Ever since we joined the European Union, the Common Fisheries Policy (CFP) has been a contentious issue for British ministers heading to Brussels. We’ve all read the articles about overfishing, discards and quotas. We’ve all seen our coastal communities sink into unemployment as the fishing fleets have diminished due to mass competition from continental fishing fleets. But fishing could be a decisive political battleground at the next general election and Labour must ensure it is well placed to represent fishing communities to win a majority.
The government’s transition agreement, announced earlier this week, will effectively keep the United Kingdom as a member of the Common Fisheries Policy until December 2020, but with no say over its rules or evolution. The settlement that will follow this arrangement is yet to be determined. Fishing communities up and down the UK have reacted with anger. Tory MPs are said to have had a frank exchange of views with environment secretary Michael Gove and the chief whip on Monday.
It is now generally accepted that if Labour is to win the next general election, the key battlegrounds must be Scotland and holding on to working class voters who supported leave. As the fishing row has evolved, Labour has remained quiet on the whole affair. Yet this is an opportunity for Labour to appeal to its core vote, which strongly supported leave, and to go on the attack against the Tories and the SNP, particularly in Scotland and along the east coast of England.
One of the most powerful images of the referendum was the ‘Battle of the Thames’, where ordinary working fishermen sailed up the Thames to protest the Remain campaign, only to come face to face with Bob Geldof on his millionaire’s yacht. It represented all that had gone wrong in Britain, the haves and the have nots. Those who had done well out of globalisation and the European Union, and those who had not. A community left behind and an industry declined against a wealthy elite.
One of the most powerful images of post-Brexit Britain could be the sight of EU fishing ships still fishing in British waters if we don’t take back control of our territorial waters. The description of that image will be one word: betrayal. The consequences could be seismic.
The Scottish Tories, many of whom represent fishing communities, have called on the government to guarantee British fishing rights and control after Brexit. They aren’t happy with the transition. SNP MPs have called on Scotland to be outside of CFP rules, suggesting their Europhilia might not be as absolute as previously expressed. Fishing will certainly be a battleground in Scotland in the next election, and Labour needs to be on the side of fishermen and coastal communities.

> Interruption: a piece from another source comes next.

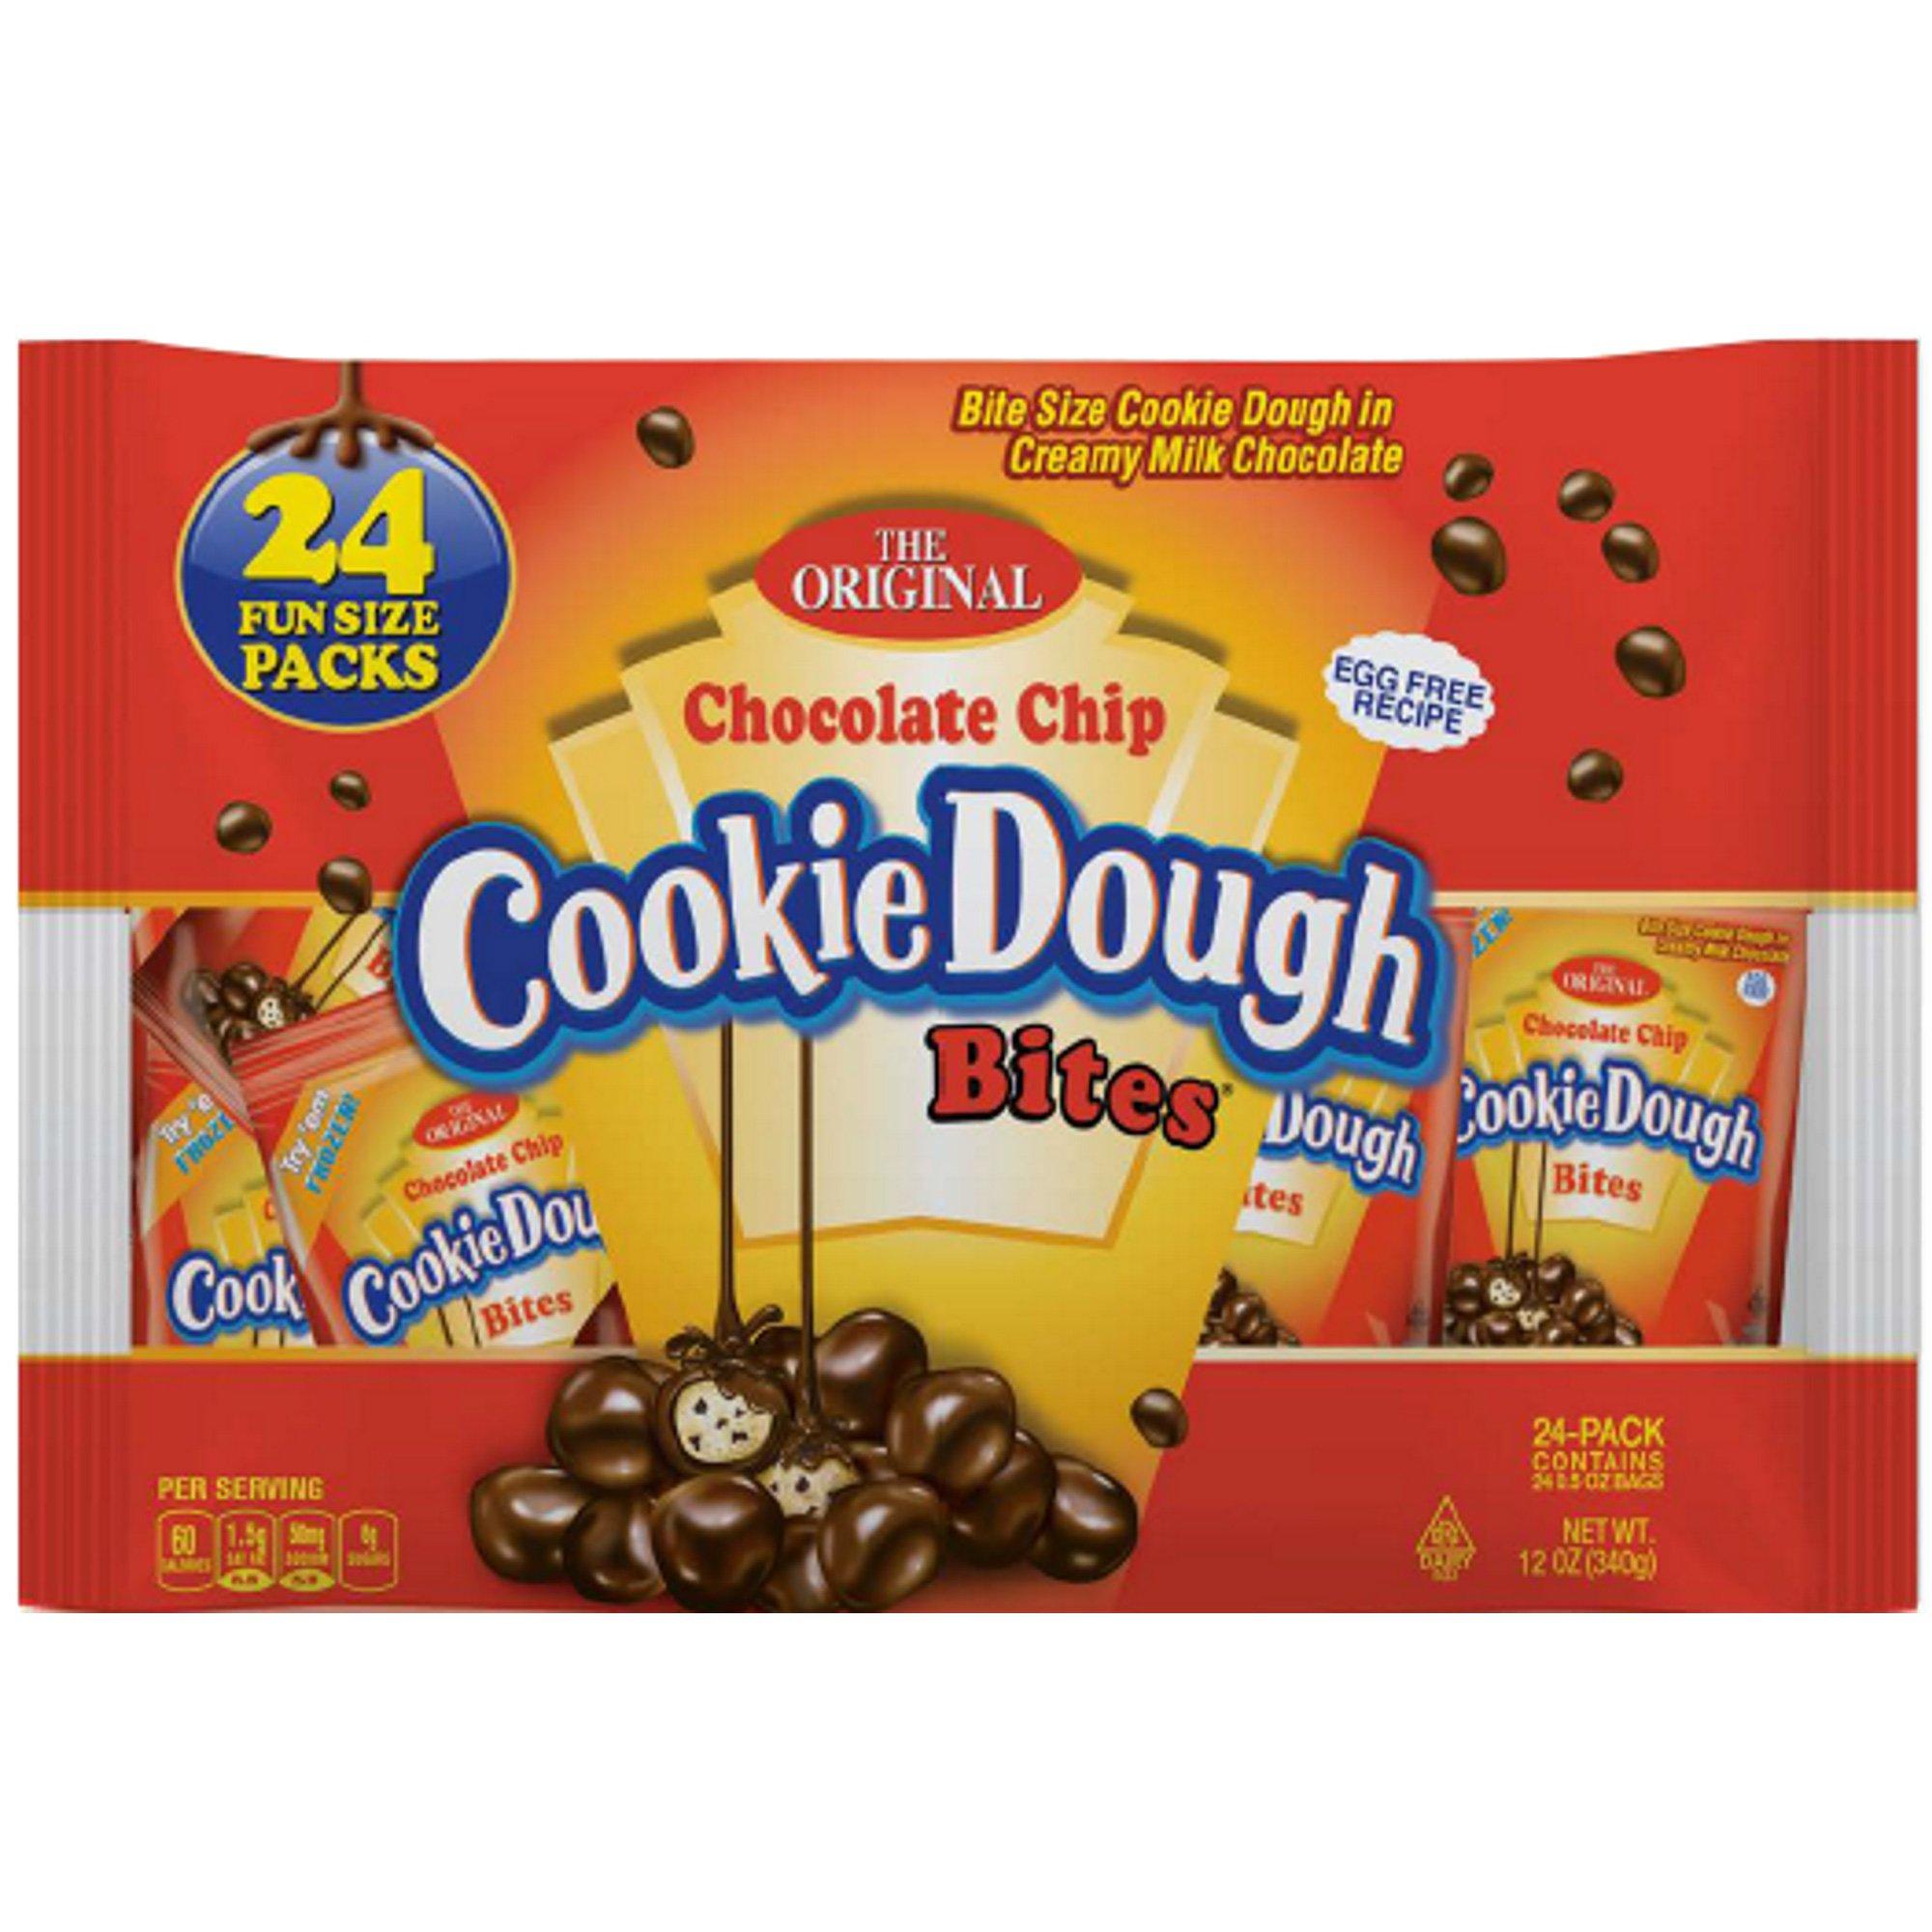 The Original Cookie Dough Bite Original Chocolate Chip Cookie Candy Bites

It’s simple: Labour should totally oppose ongoing membership of the Common Fisheries Policy, and it should oppose the government’s measures to keep the UK in the CFP until 2020. This would provide Labour with an enormous opportunity in Scotland and help the party take on the Tories and the SNP. A policy that would support the environment, industry and jobs would be both popular and sensible.
Similarly such a stance would yield dividends for Labour in England. During the referendum, coastal towns voted overwhelming to leave the European Union. Many of those seats returned Labour MPs last year because Labour voters who supported UKIP in 2015 switched back, such as in Hartlepool. In some cases, including Great Grimsby, Labour held on but with a reduced majority. In many of those coastal communities, more people supported leave in the referendum than supported either the Labour or Conservative candidate at the subsequent general election. This is a fact party strategists ought to remember.
Both Hartlepool and Great Grimsby are proud communities, and a number constituencies and coastal towns stand to gain because of Brexit. Control of our territorial waters should boost the fishing fleets and fish production industry providing jobs, apprenticeships and opportunities to those towns. Labour Friends of Fishing recently launched to reconnect Labour with coastal communities and to develop fishing policy after Brexit.
Labour needs to be onside with those communities now and it should start by calling on the government to announce its immediate intention to withdraw the UK from the Common Fisheries Policy on day one after Brexit. The party should also guarantee that the next Labour government will restore the integrity of those territorial waters for the British fishing industry and work to ensure their sustainability for the long term.
Brendan Chilton is general secretary of Labour Leave.